Write out exactly the lines below from the one containing "Pyramida výb$ru respondent#" to the last, both ends kept, and nothing more; skip all pictures.

▶ [Collected data]
= = = =
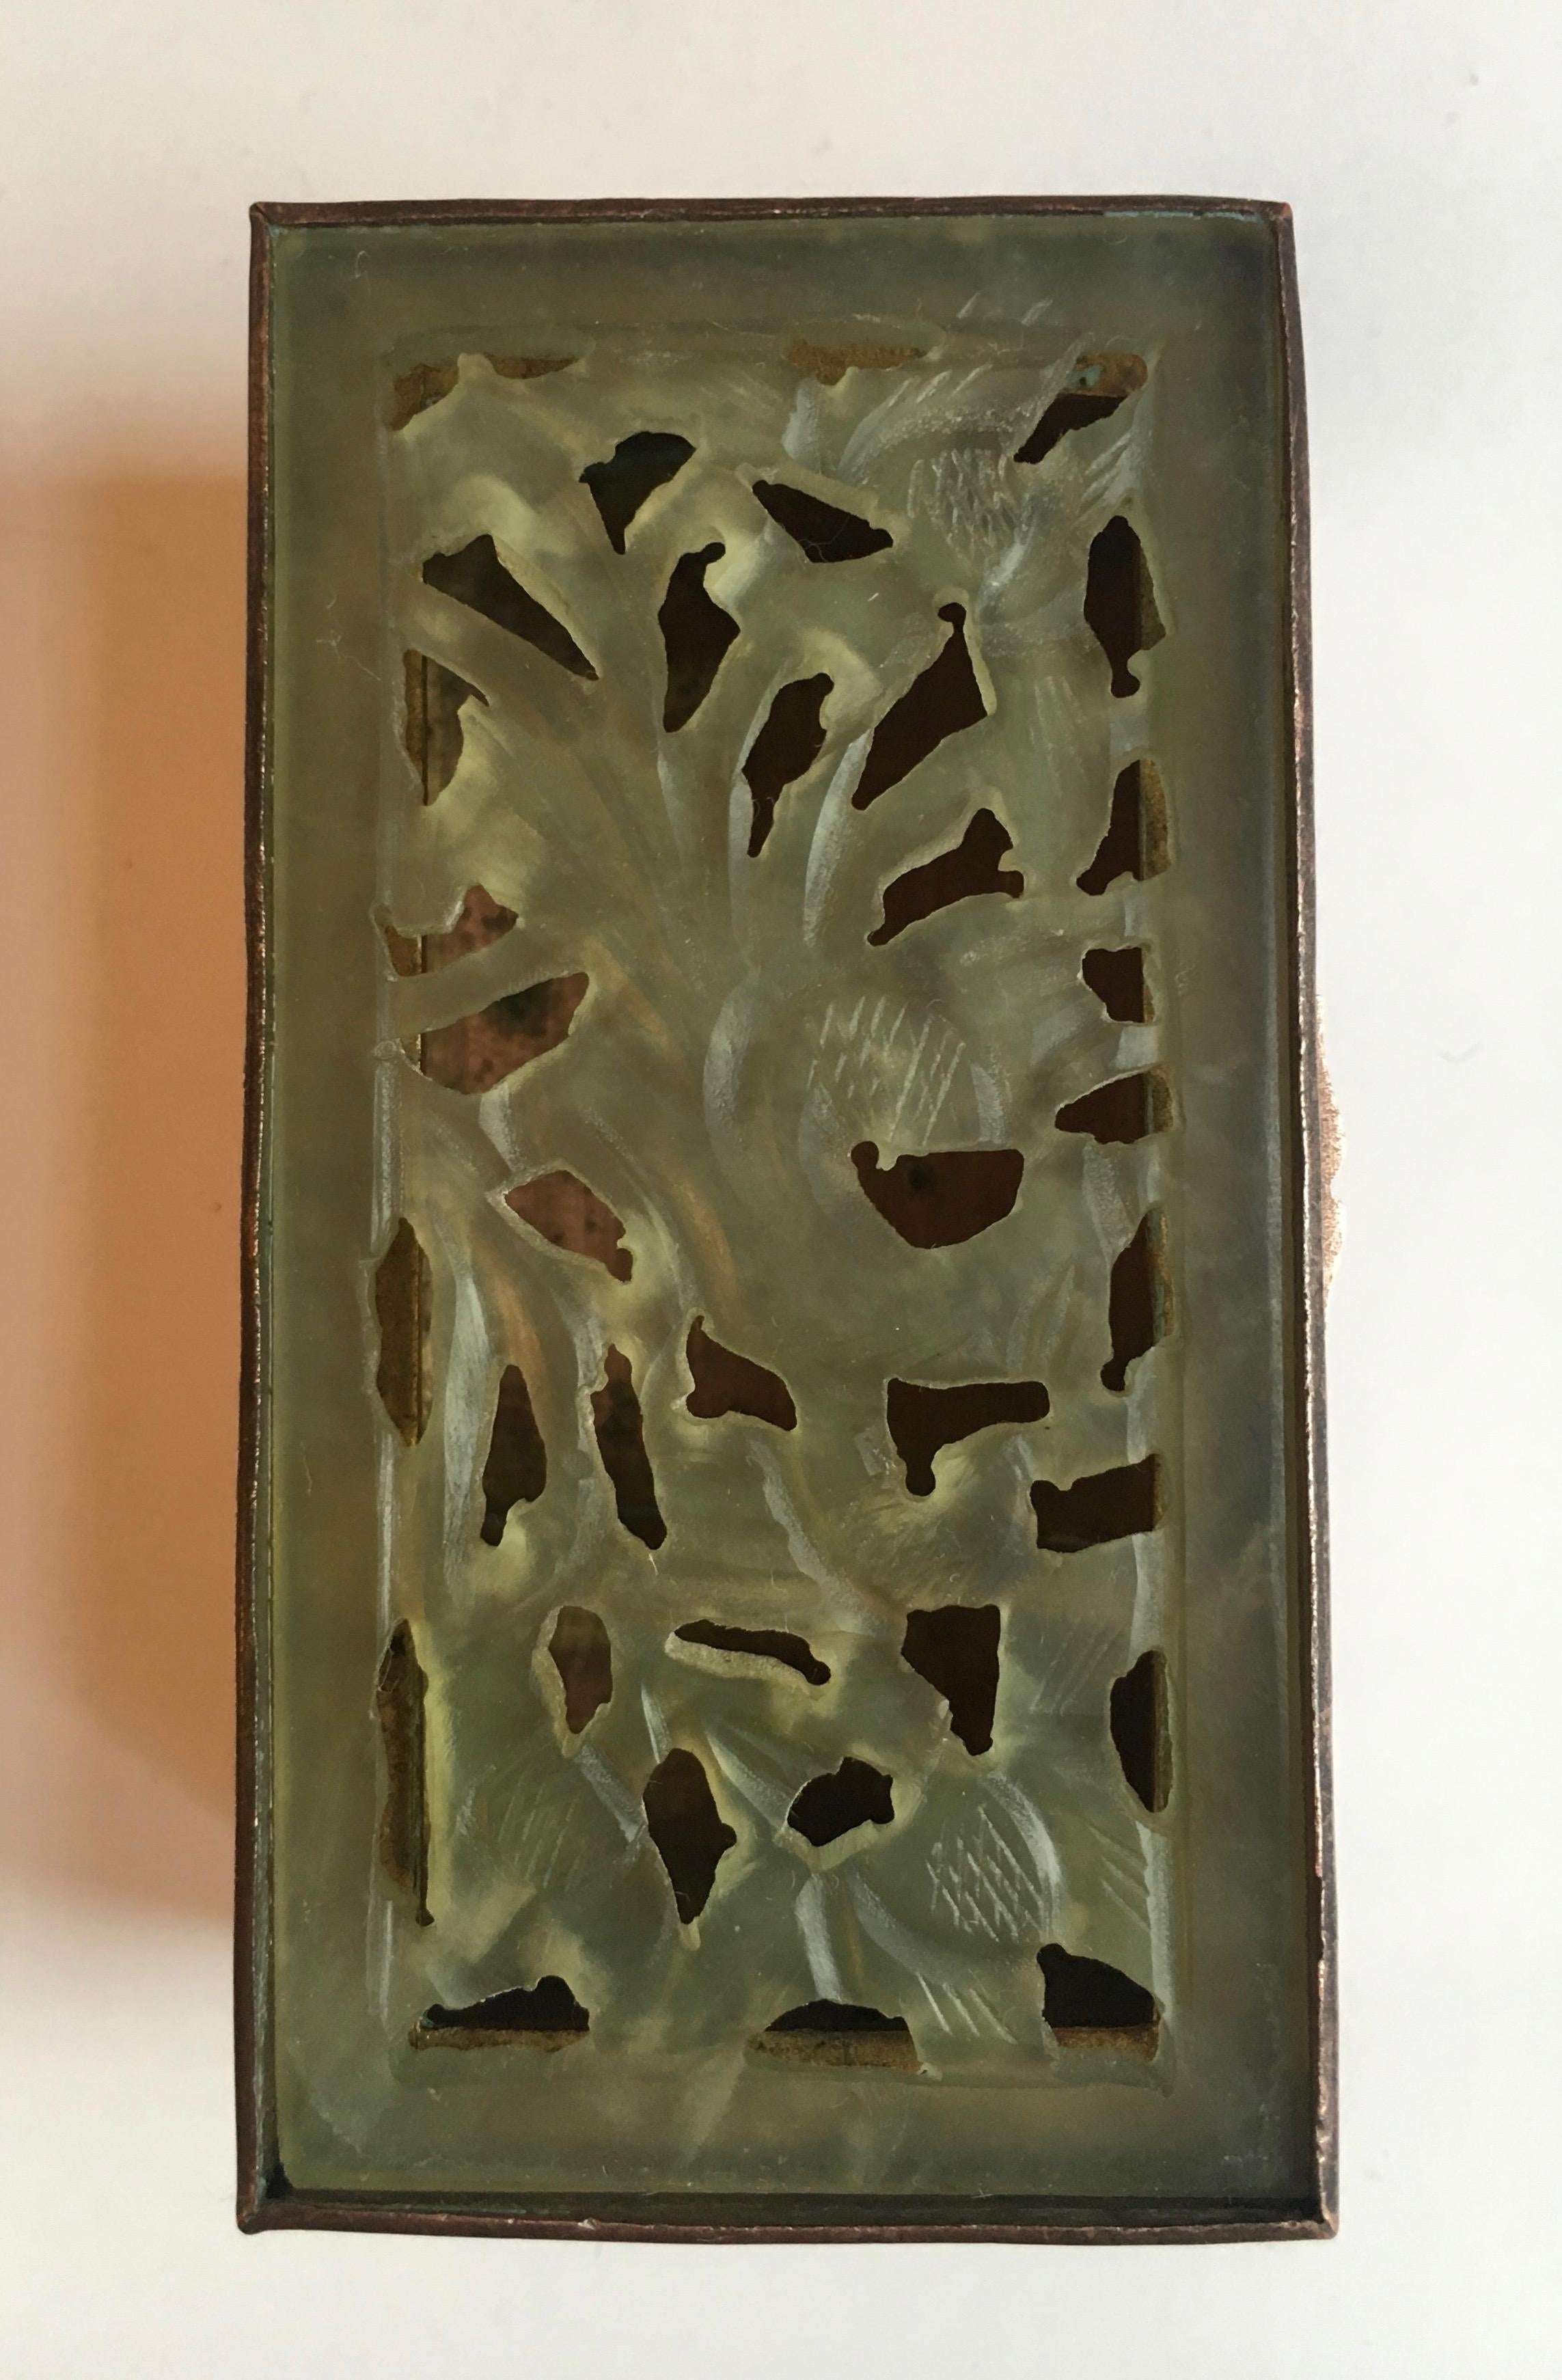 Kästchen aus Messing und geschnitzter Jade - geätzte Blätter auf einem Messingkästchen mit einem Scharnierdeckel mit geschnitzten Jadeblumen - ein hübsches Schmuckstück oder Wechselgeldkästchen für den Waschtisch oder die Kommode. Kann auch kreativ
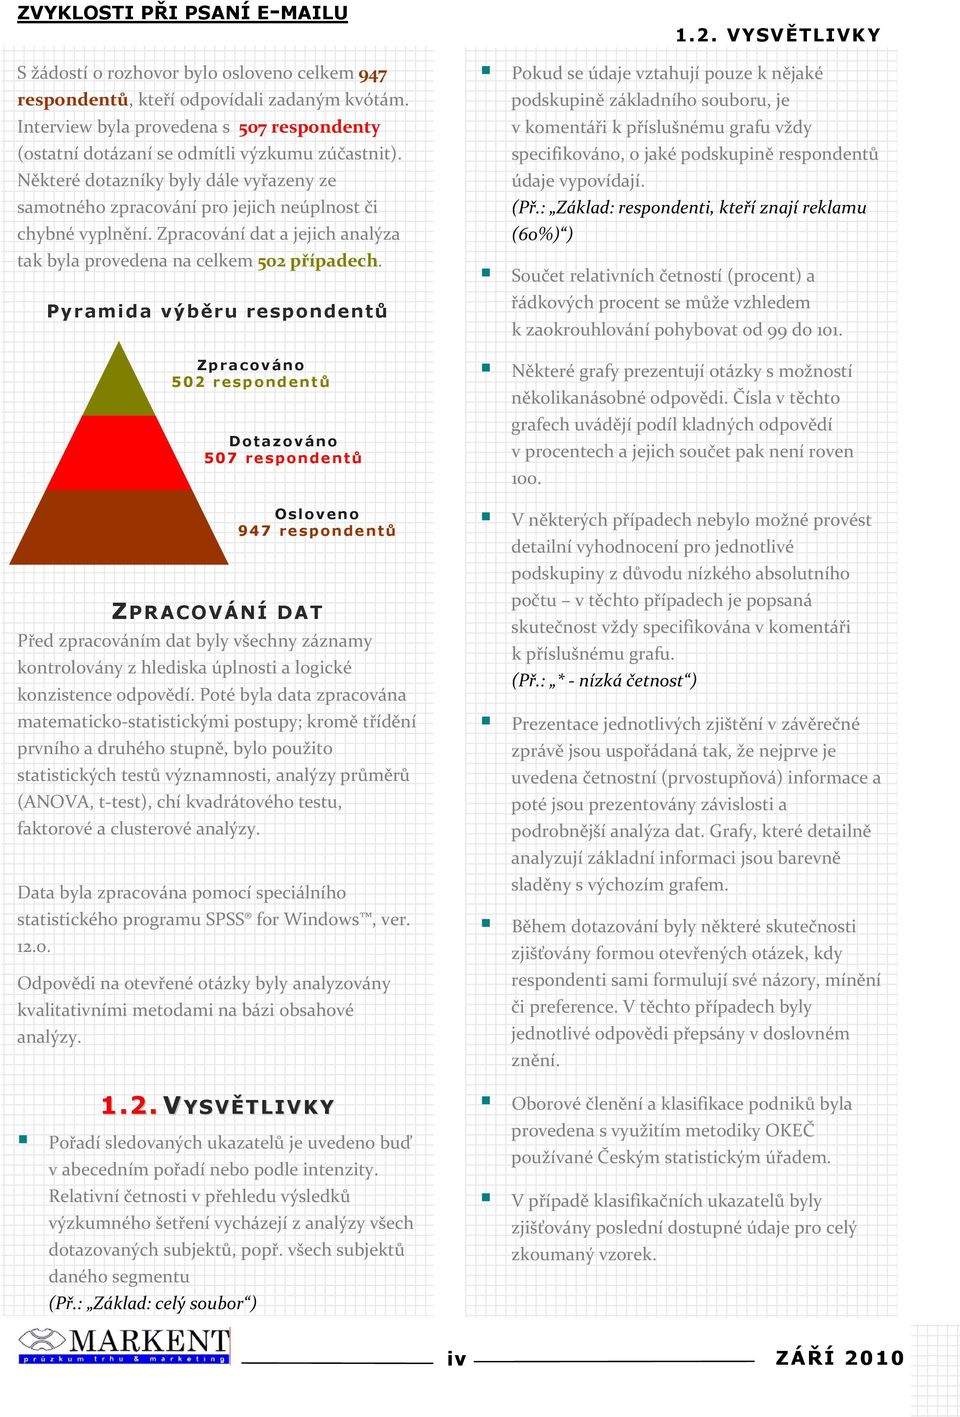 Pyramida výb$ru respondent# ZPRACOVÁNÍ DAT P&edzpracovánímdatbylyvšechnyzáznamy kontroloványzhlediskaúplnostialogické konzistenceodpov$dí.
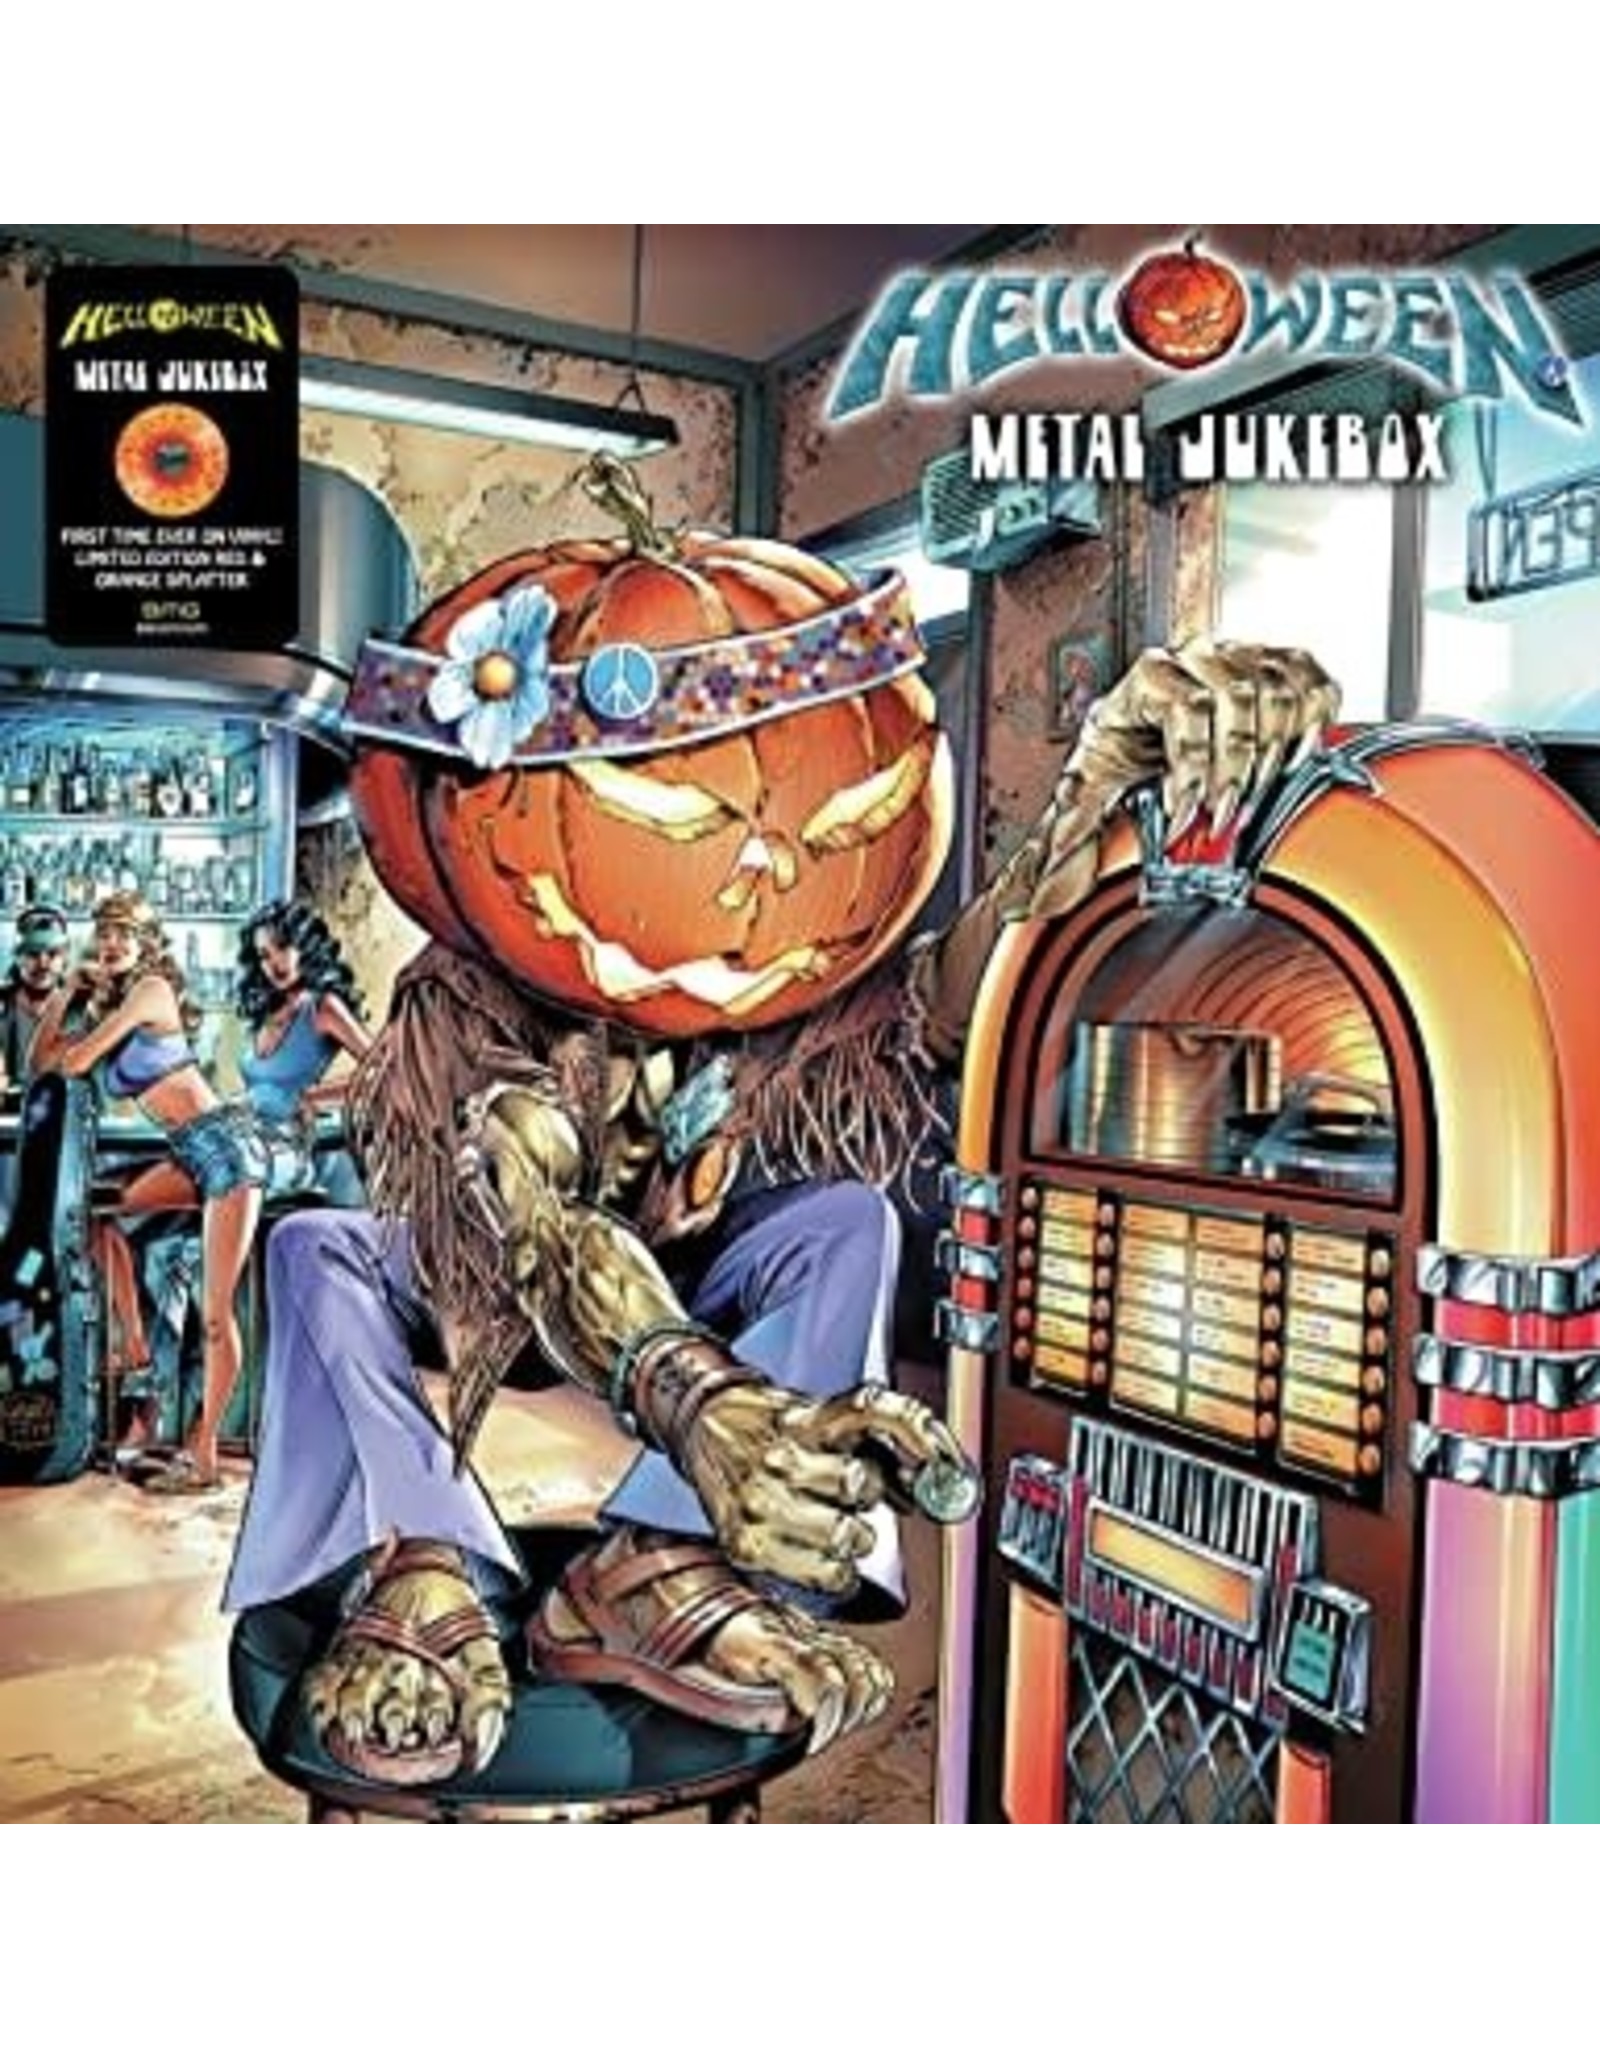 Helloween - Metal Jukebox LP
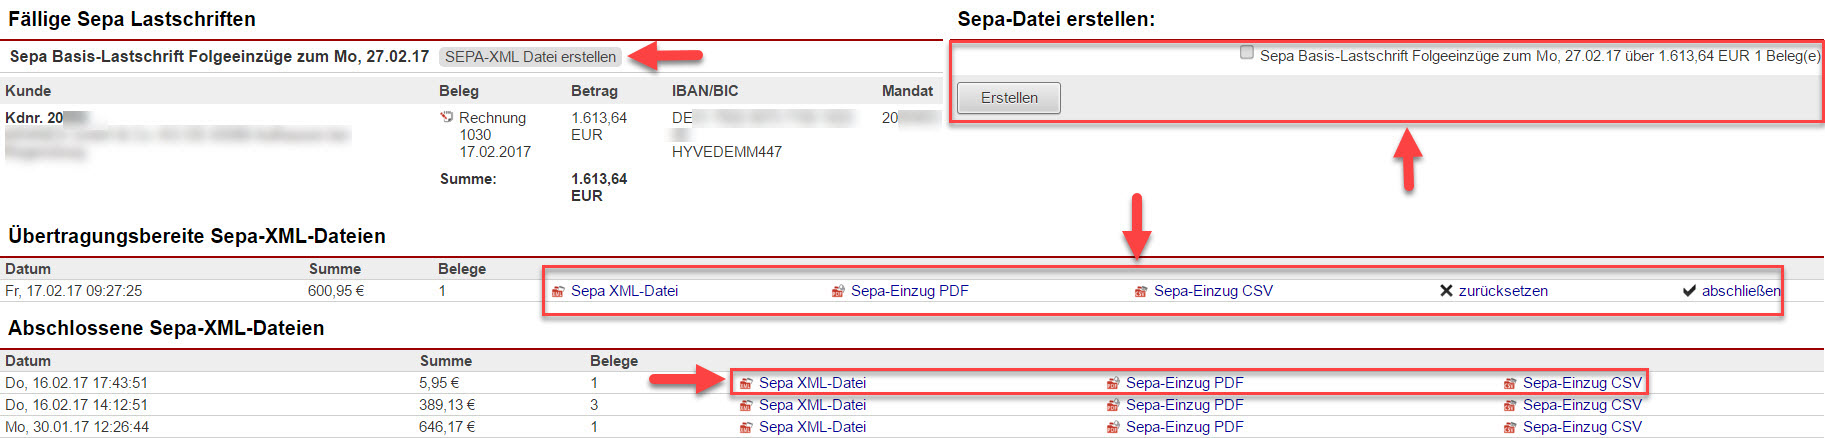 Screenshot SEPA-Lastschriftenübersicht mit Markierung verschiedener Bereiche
= = = =
▶ [Output for this exercise]
 Pyramida výb$ru respondent# ZPRACOVÁNÍ DAT P&edzpracovánímdatbylyvšechnyzáznamy kontroloványzhlediskaúplnostialogické konzistenceodpov$dí.
 Helloween - Metal Jukebox LP
 Screenshot SEPA-Lastschriftenübersicht mit Markierung verschiedener Bereiche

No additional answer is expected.